_Assignment:_
Retype the listing found below exactly, but leave out each picture.

_Source material:_

- - - - - - -

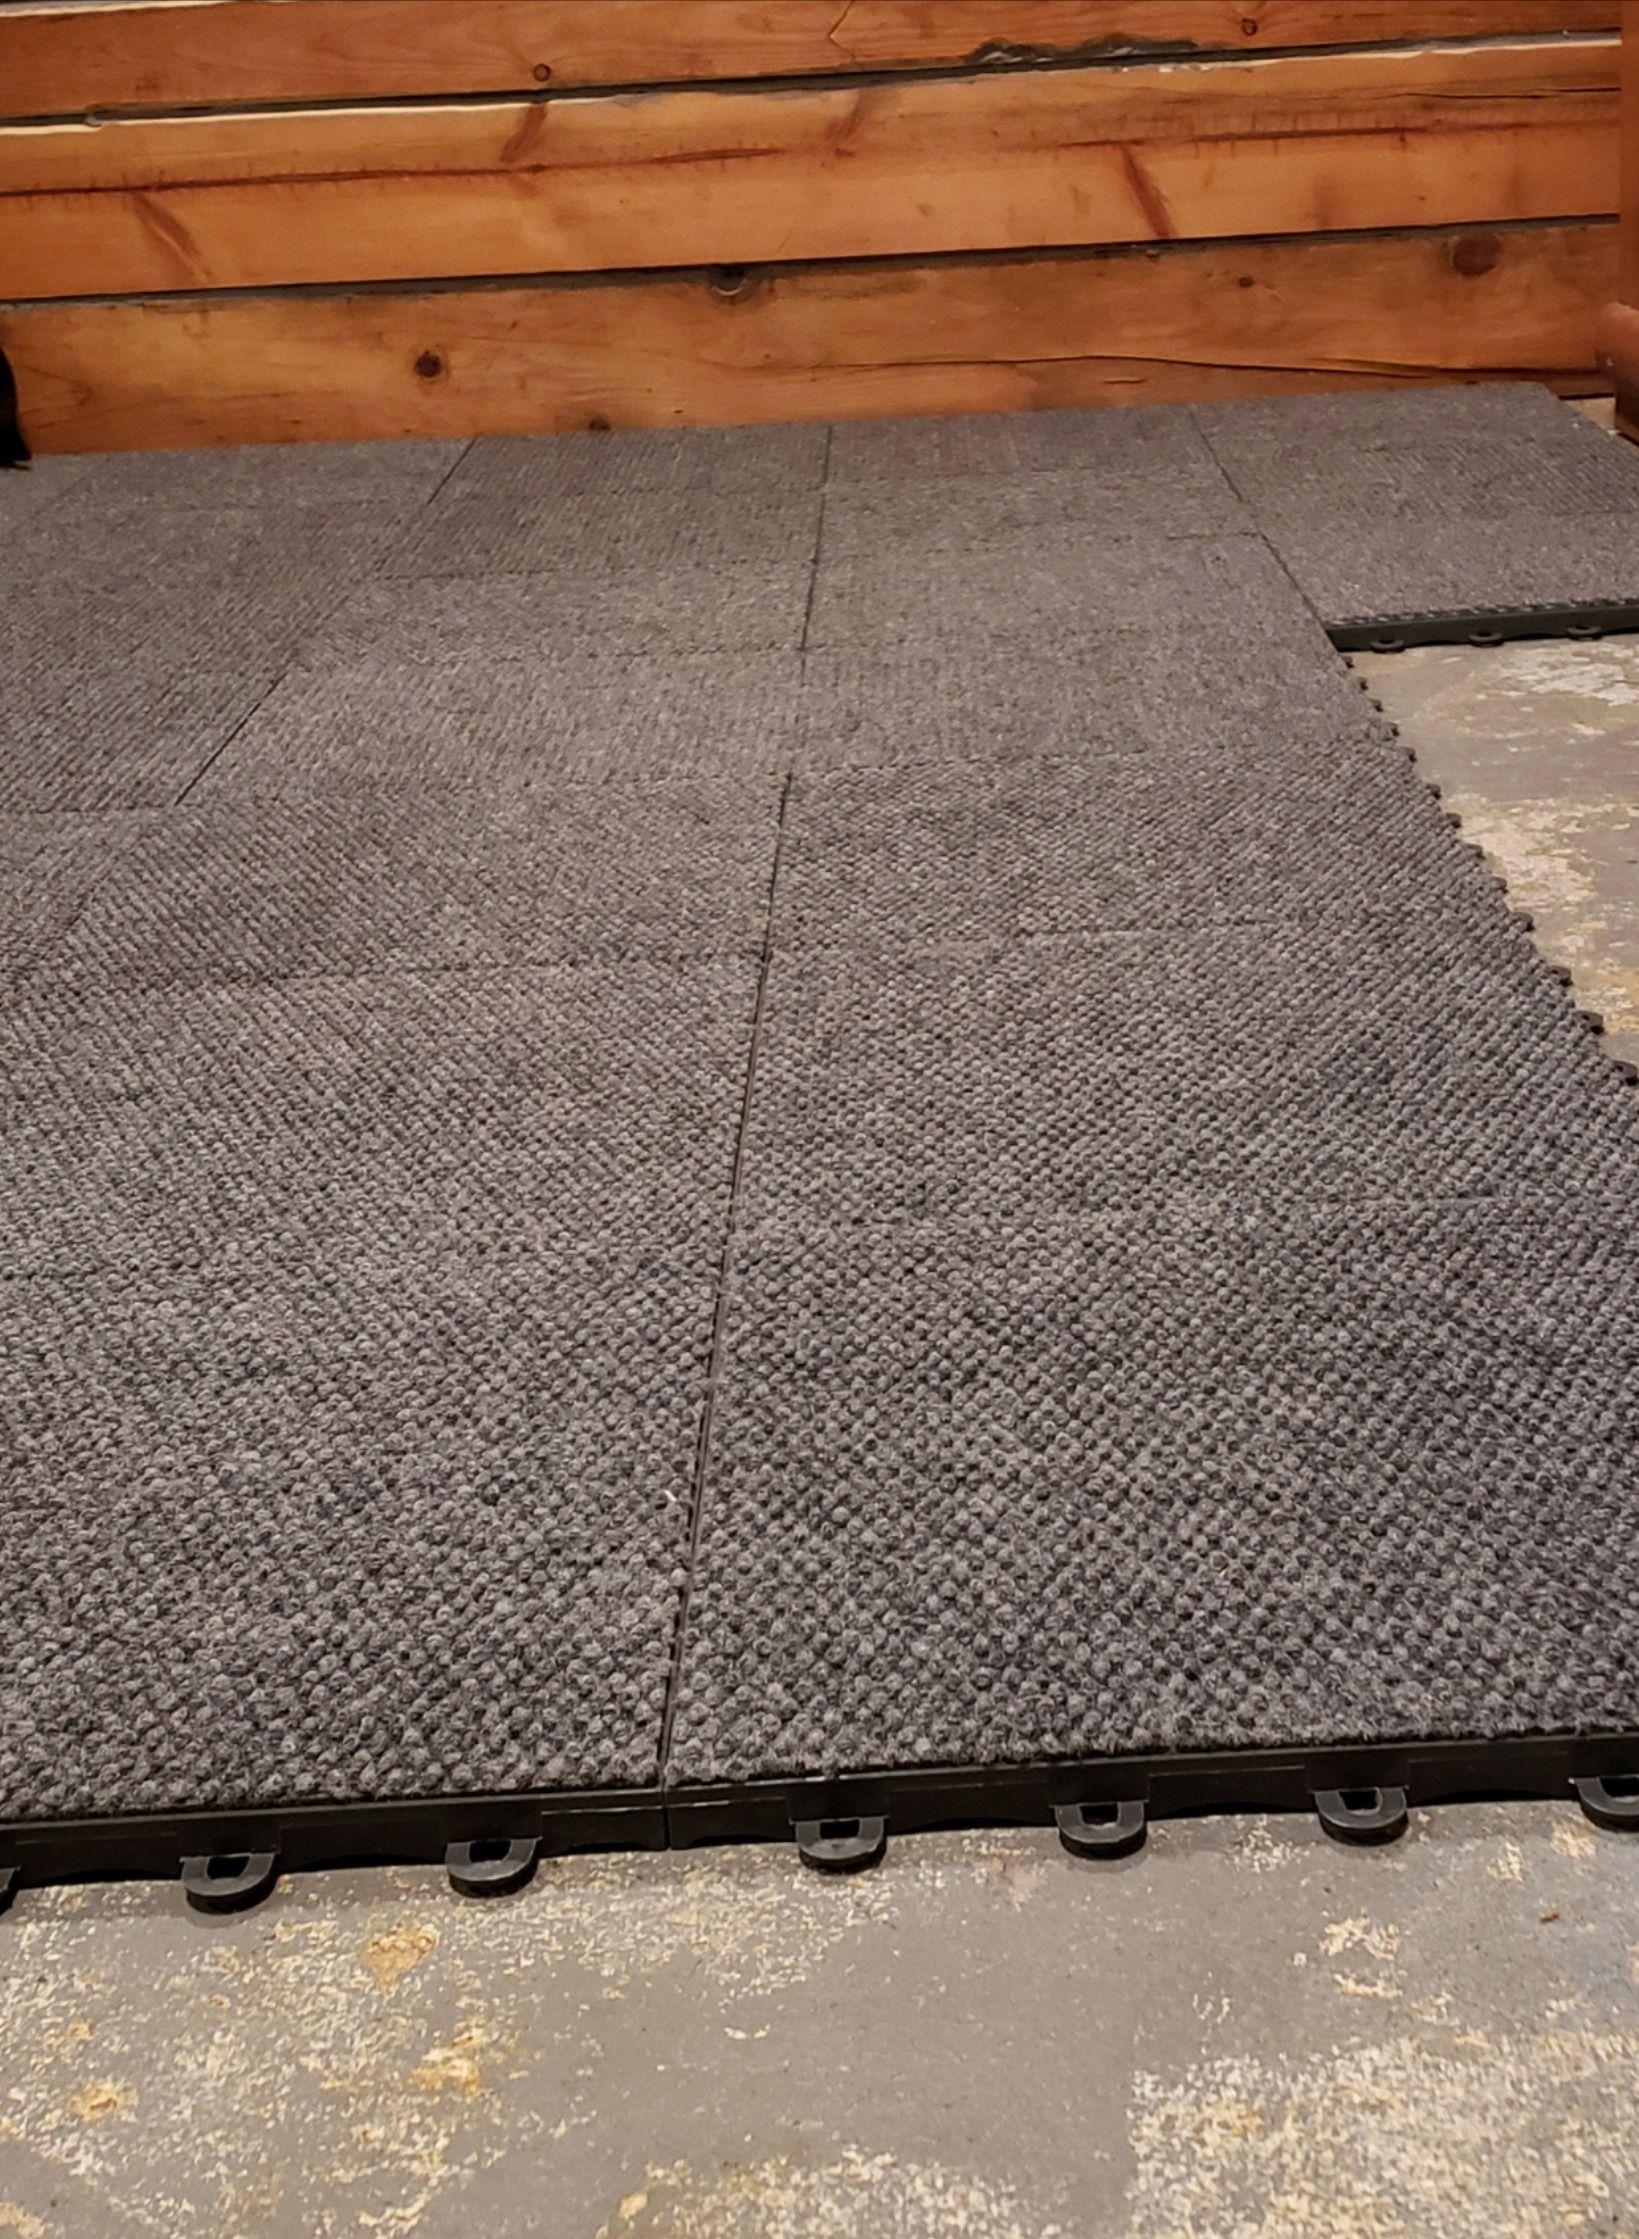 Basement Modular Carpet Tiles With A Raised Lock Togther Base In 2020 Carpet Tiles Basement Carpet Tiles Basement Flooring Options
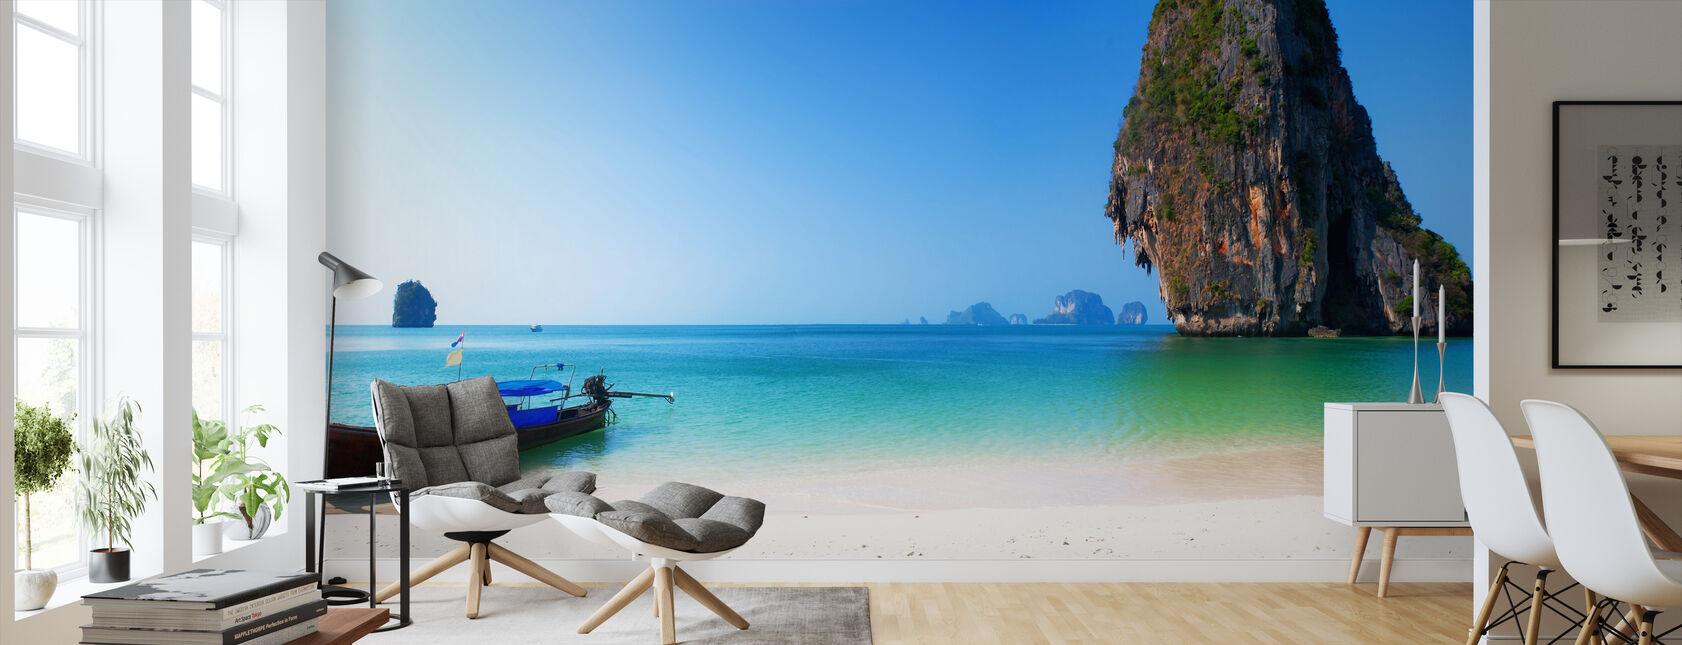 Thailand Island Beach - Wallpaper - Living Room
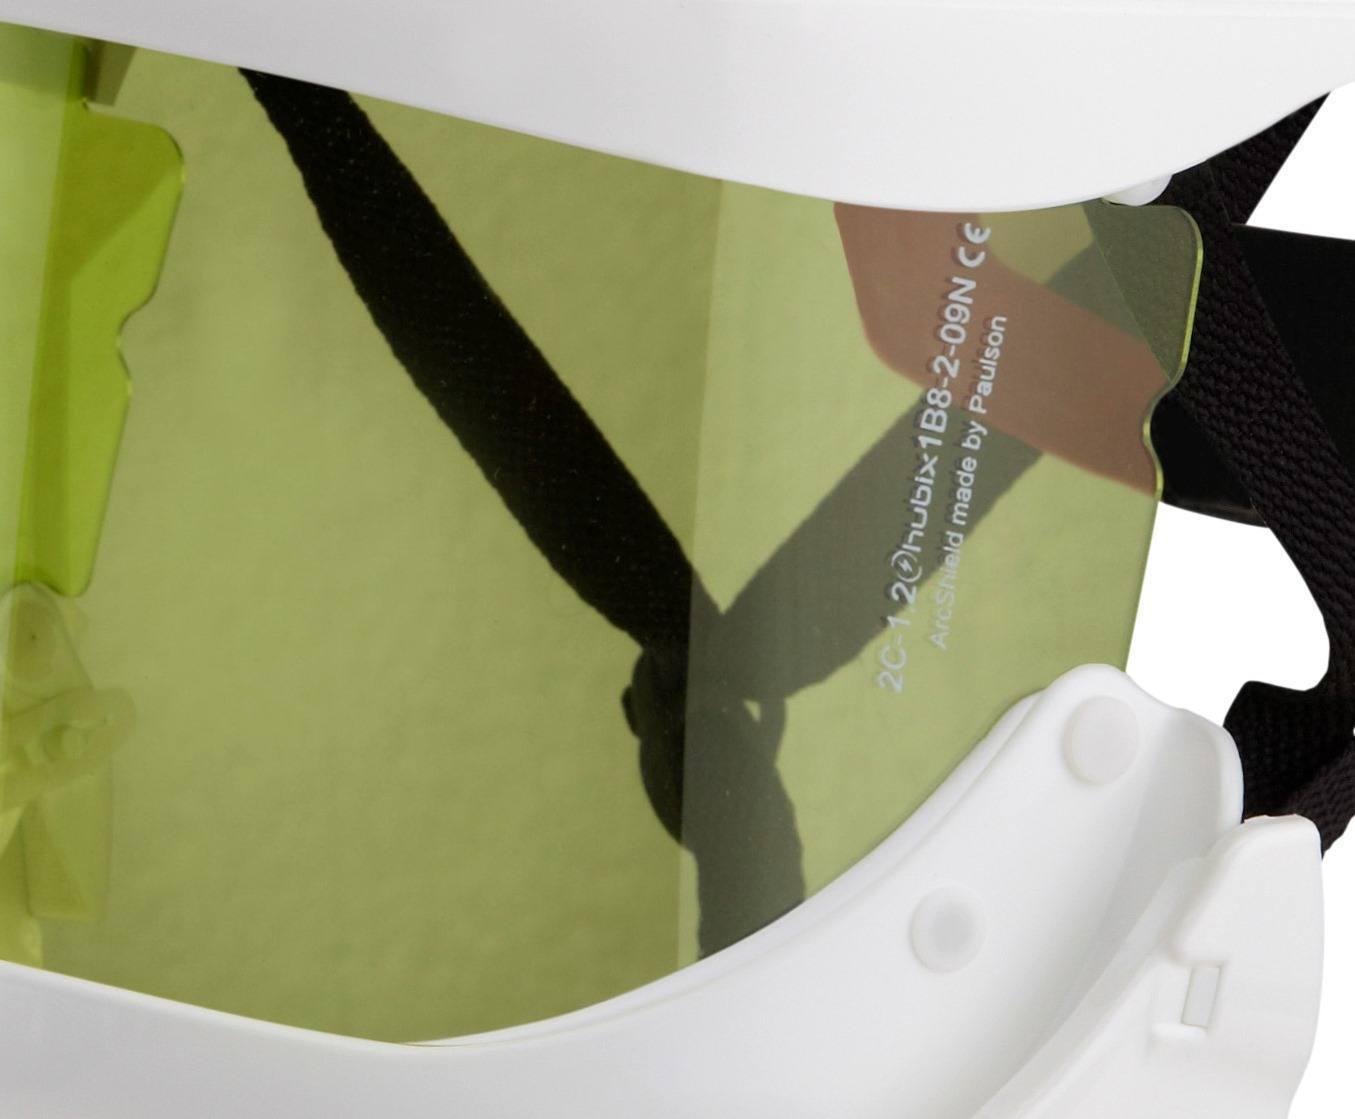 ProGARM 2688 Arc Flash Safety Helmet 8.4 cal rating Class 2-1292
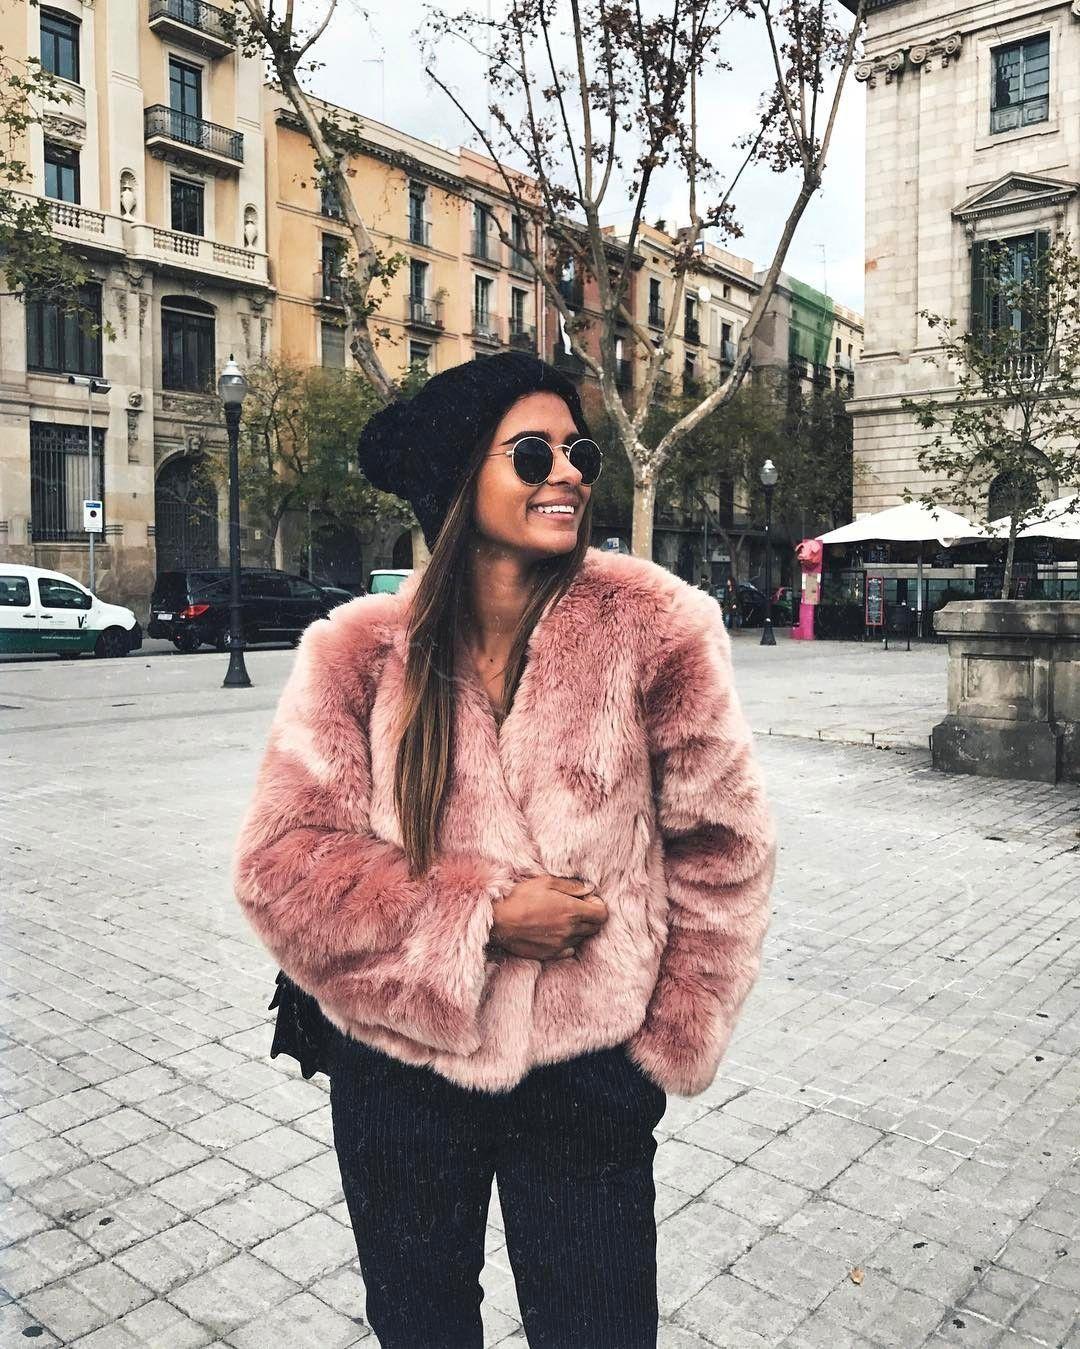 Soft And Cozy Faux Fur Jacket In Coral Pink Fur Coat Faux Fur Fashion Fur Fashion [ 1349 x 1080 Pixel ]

- - - - - - -

_Reply to the exercise:_
 Basement Modular Carpet Tiles With A Raised Lock Togther Base In 2020 Carpet Tiles Basement Carpet Tiles Basement Flooring Options
 Thailand Island Beach - Wallpaper - Living Room
 ProGARM 2688 Arc Flash Safety Helmet 8.4 cal rating Class 2-1292
 Soft And Cozy Faux Fur Jacket In Coral Pink Fur Coat Faux Fur Fashion Fur Fashion [ 1349 x 1080 Pixel ]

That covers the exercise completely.